In Defense of Category Romance: A Night of Scandal

Shy Puppy!
A Night of Scandal by Sarah Morgan is this month's book club pick over at Smart Bitches, Trashy Books, but lucky for me it also serves to further prove my point that category romance is a diverse and varied sub-genre. This is one of those cases where the tropes and silliness are used pretty sparingly, and as a result you are free to take the book seriously.

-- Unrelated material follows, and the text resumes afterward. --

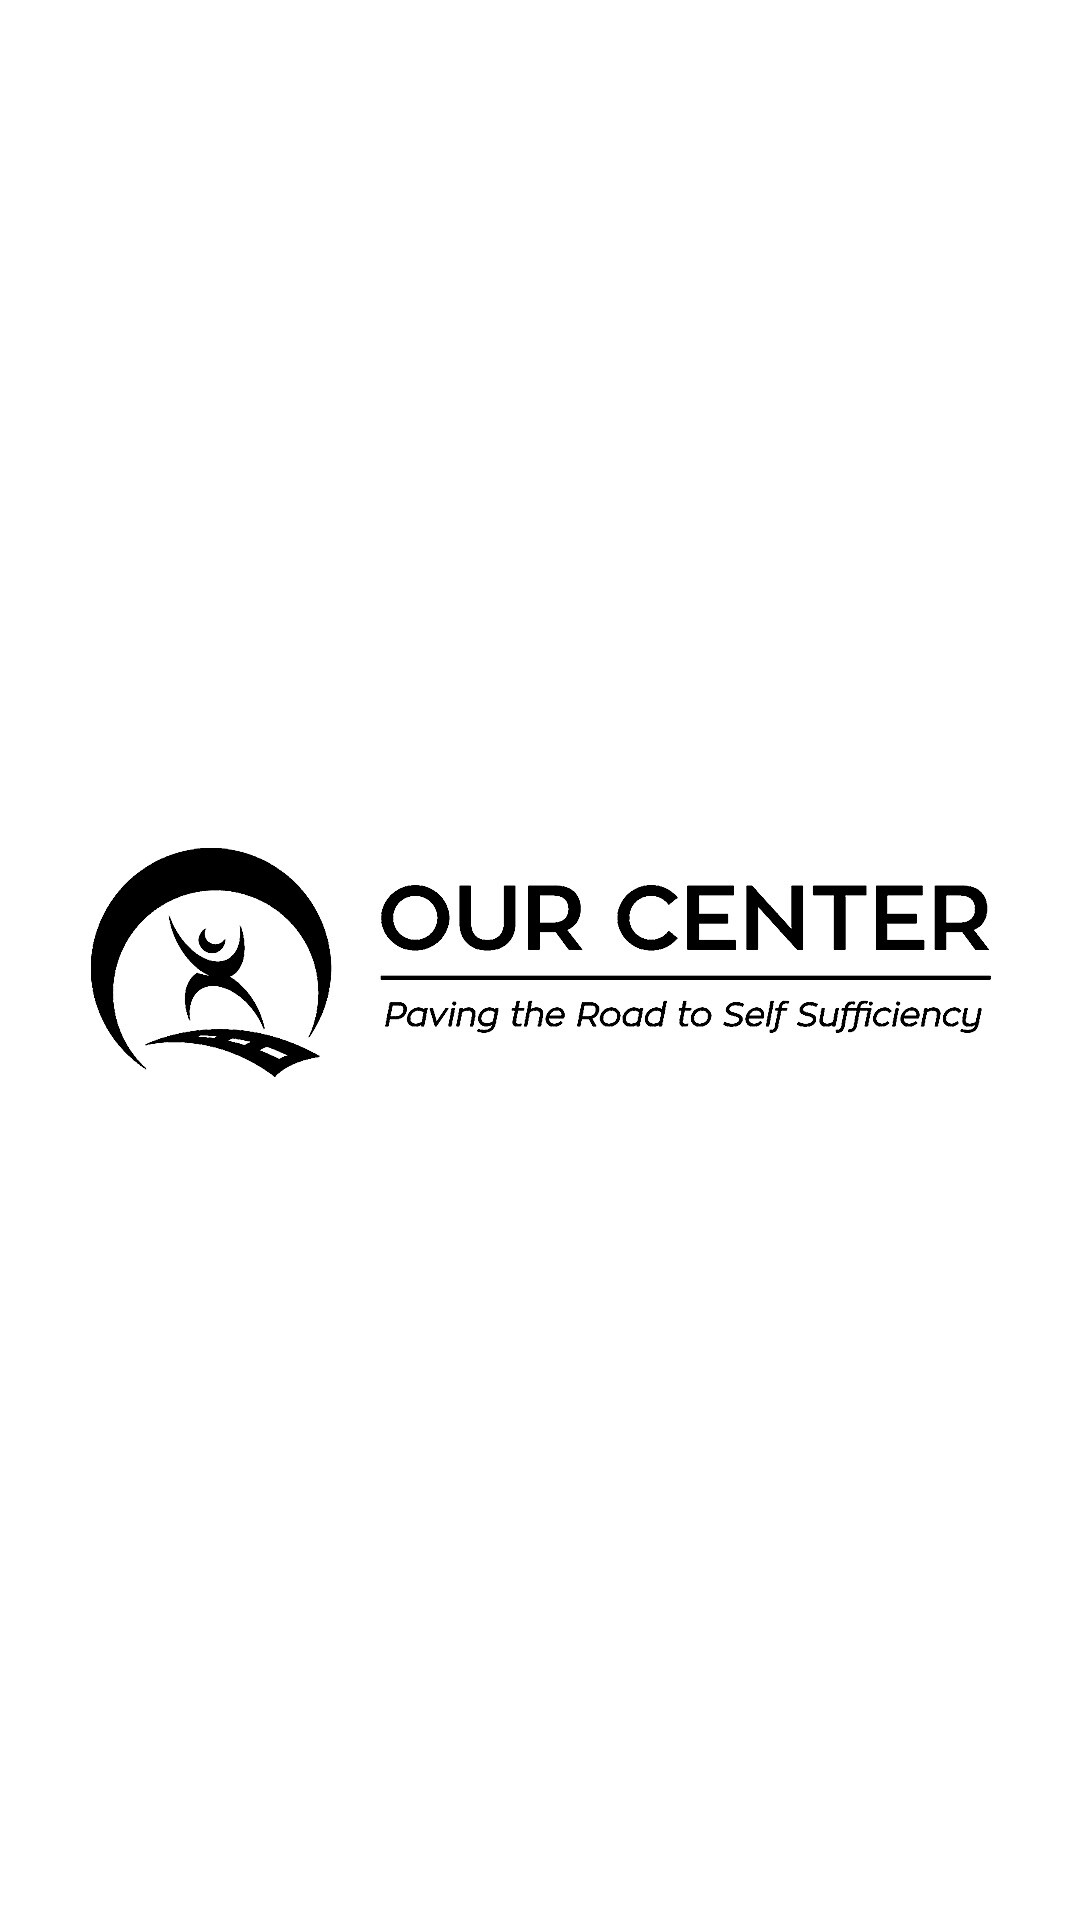 Our Center

Nathaniel Wolfe is a movie star who can't stop acting. He has very dark past which he makes every effort to bury by constantly keeping up a persona as a bored and disinterested celebrity. Katie Field is a costume designer working on Nathaniel's latest play. When Nathaniel's past creeps up on him unexpectedly, he recruits Katie to help him escape. She's then drawn into his world and drawn to him as a person. Katie is a chatty person, and honest to a fault. Katie has some confidence issues which she hides by wearing drab cloths (the color of the adorable puppy). They are opposites in many ways, and so they are able to help each other and heal many past wounds together.

I'm a fan of the opposites attract thing, so this romance really worked for me. I thought the relationship had a nice pace to it and developed along with the characters. For such a short book, it spans a variety of settings and each reflects where the characters are emotionally--from London, to a secluded island, to Rio, to L.A. I especially enjoyed Nathaniel's back story and how Morgan chose to reveal it in pieces until the end when the reader grasps the full horrific picture. I liked Katie's personality, she's very optimistic and personable.

I didn't care for Katie's character arc. Basically the focus is on her finding confidence in herself (particularly with regard to her appearance). I get that this is a deep seated emotional issue for many women, and the author handles it with grace. However, it pales in comparison to Nathaniel's story of childhood abuse and overcoming his emotionally stunted existence. In some ways I kept wondering how Katie, of the relatively happy (if poor and frumpy) life could begin to understand Nathaniel's pain. It's a testament to Morgan's style that I did believe their happily ever after despite this sort of uneven development.

Overall, I recommend this book. It isn't to fluffy, nor is it too dark. There are a lot of touching emotional moments and a surprisingly satisfying romance. 4 stars.